Sinner supera vómitos, calambres y una suspensión para rendir a Medvedev y alcanzar la final en Roma
El italiano bate al ruso en una semifinal disputada en dos días por la lluvia
Jannik sufrió calambres y vómitos durante el primer día del enfrentamiento
Pese a todo y a todos, Jannik Sinner. Pasó por todos los estadios posibles hasta tumbar (6-2, 5-7, 6-4) a Medvedev y alcanzar la final del Masters 1.000 de Roma, el único Masters 1.000 que no descansa en su vitrina. Lo buscará ante Ruud y, de paso, igualar a Djokovic como único tenista de la historia que conquista los nueve torneos de la mencionada categoría. Sinner comenzó apabullando; luego se retorció en su banquillo; vomitó al lado del marcador y perdió el segundo set. La lluvia aplazó la semifinal cuando encaraba el desenlace y se ha resuelto este sábado, finalmente con la victoria del italiano.
Sinner acaba de manera recta un camino lleno de curvas, aunque para sinuoso el camino de Medvedev. El ruso y su tenis poco ortodoxo caminan inexorablemente hacia una carrera de más expectativas que títulos. Ha ganado una de sus seis finales de Grand Slam; seis Masters 1.000; una Copa Davis y ha saboreado el número uno del mundo. Un currículum más que formidable por la óptica de las generaciones.
Ha convivido contra el Big Three primero —Nadal, Federer y Djokovic— y el duopolio actual —Sinner y Alcaraz—. Desesperaría a cualquiera. Contra Sinner ha caído en Roma y en 10 de sus 11 últimos enfrentamientos. Se medirá Jannik contra un especialista sobre tierra, Casper Ruud. Sobre la arcilla ha ganado 12 de sus 14 títulos; ha disputado dos finales de Roland Garros; y ha conquistado, en Madrid, su único Masters 1.000.
Sinner comenzó el partido, la tarde del viernes, convencido de que quería cerrarlo rápido. Nada más lejos de la realidad. En un día amenazado por la previsión de lluvia, el de San Cándido rompió dos saques del ruso y ganó los suyos en tan solo diez minutos. El ruso no supo reaccionar en la primera manga. Apenas logró sorprender a su rival, más allá de los dos juegos que consiguió arrebatarle. Sinner estuvo intratable, arriesgó, acertó y dominó desde el fondo de la pista.
Se aletargó el número uno tras el segundo set, en el que Medvedev comenzó ganando y en el que se reencontró con su tenis y su estilo, imprevisible. A mitad del set, Sinner empezó a mostrar claros signos de fatiga. Se acercó a la esquina para, presumiblemente, vomitar detrás del marcador. Daba largas bocanadas de aire, se apoyaba en las rodillas y hacía breves pausas para recuperar el aliento. Le temblaba fuertemente la mano al beber agua. Medvedev igualó el partido.

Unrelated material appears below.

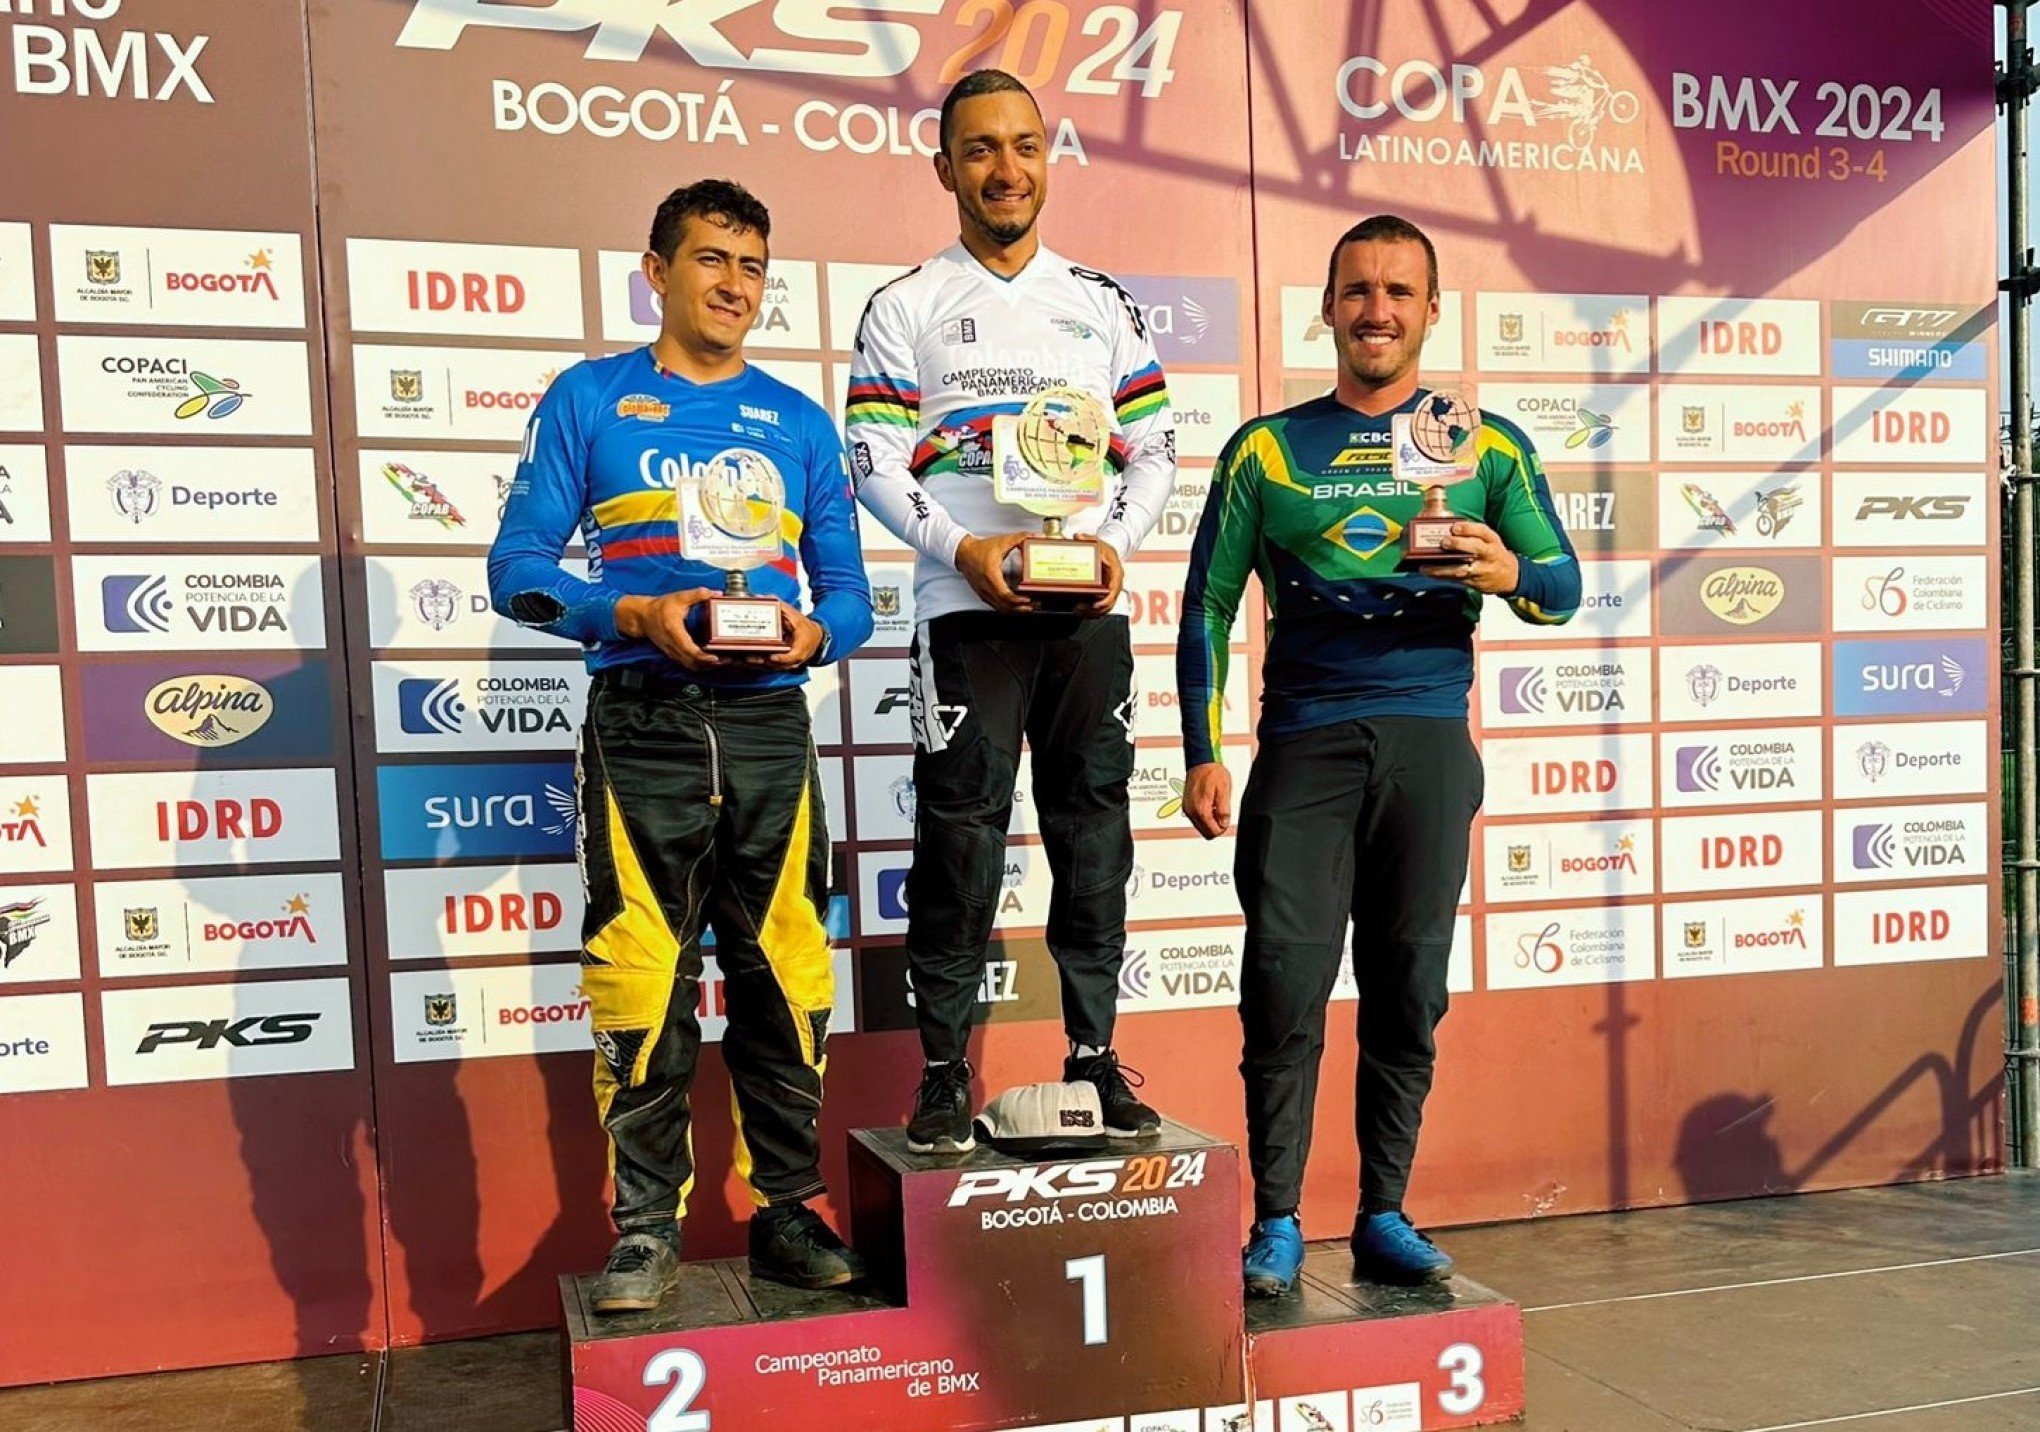 Pilotos de BMX da região voltam da Colômbia com medalhas
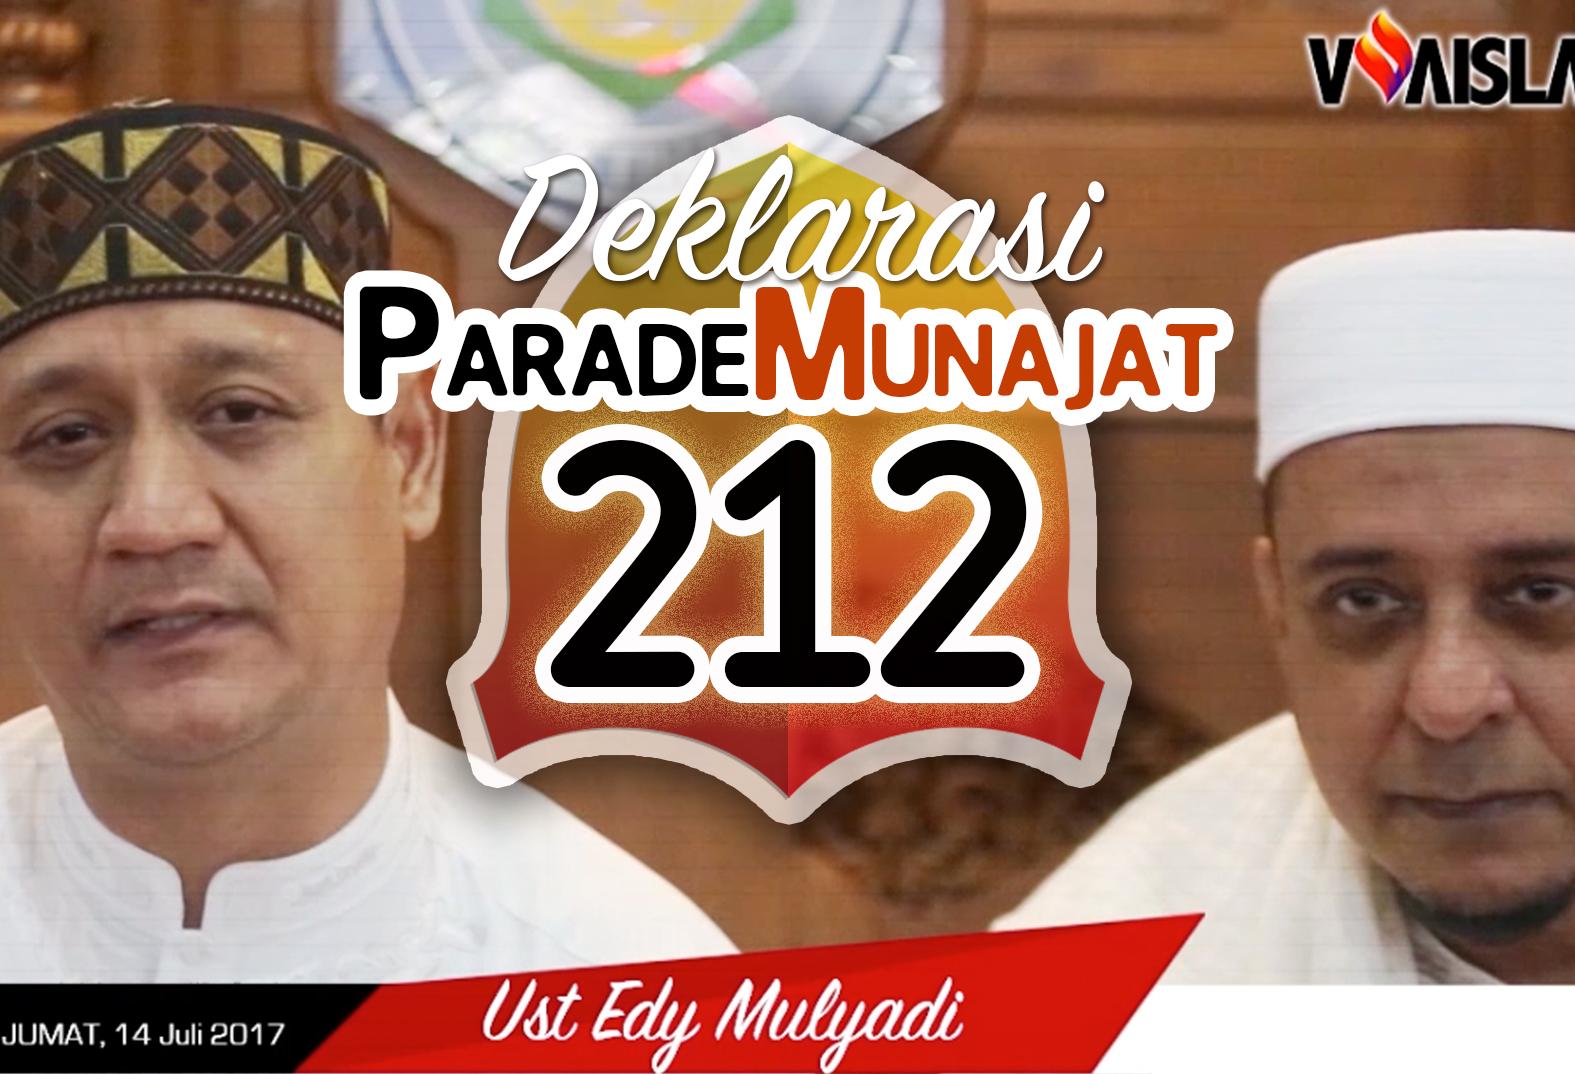 [VIDEO] Deklarasi Parade Munajat 212, dibesut Alumni Parade Tauhid & Aksi 212

En la tercera manga, Jannik sacó fuerzas de donde no las tenía. Llegó a recibir hasta asistencia médica en el cuádriceps, motivo que enfadó al ruso. Cuando el italiano se imponía 4-2, el partido se suspendió hasta el día siguiente por la lluvia que caía sobre la capital italiana. Un clásico de todos los años en el Foro Itálico. Tras la reanudación, casi un día después y en otra jornada marcada por la lluvia, Sinner sentenció el partido.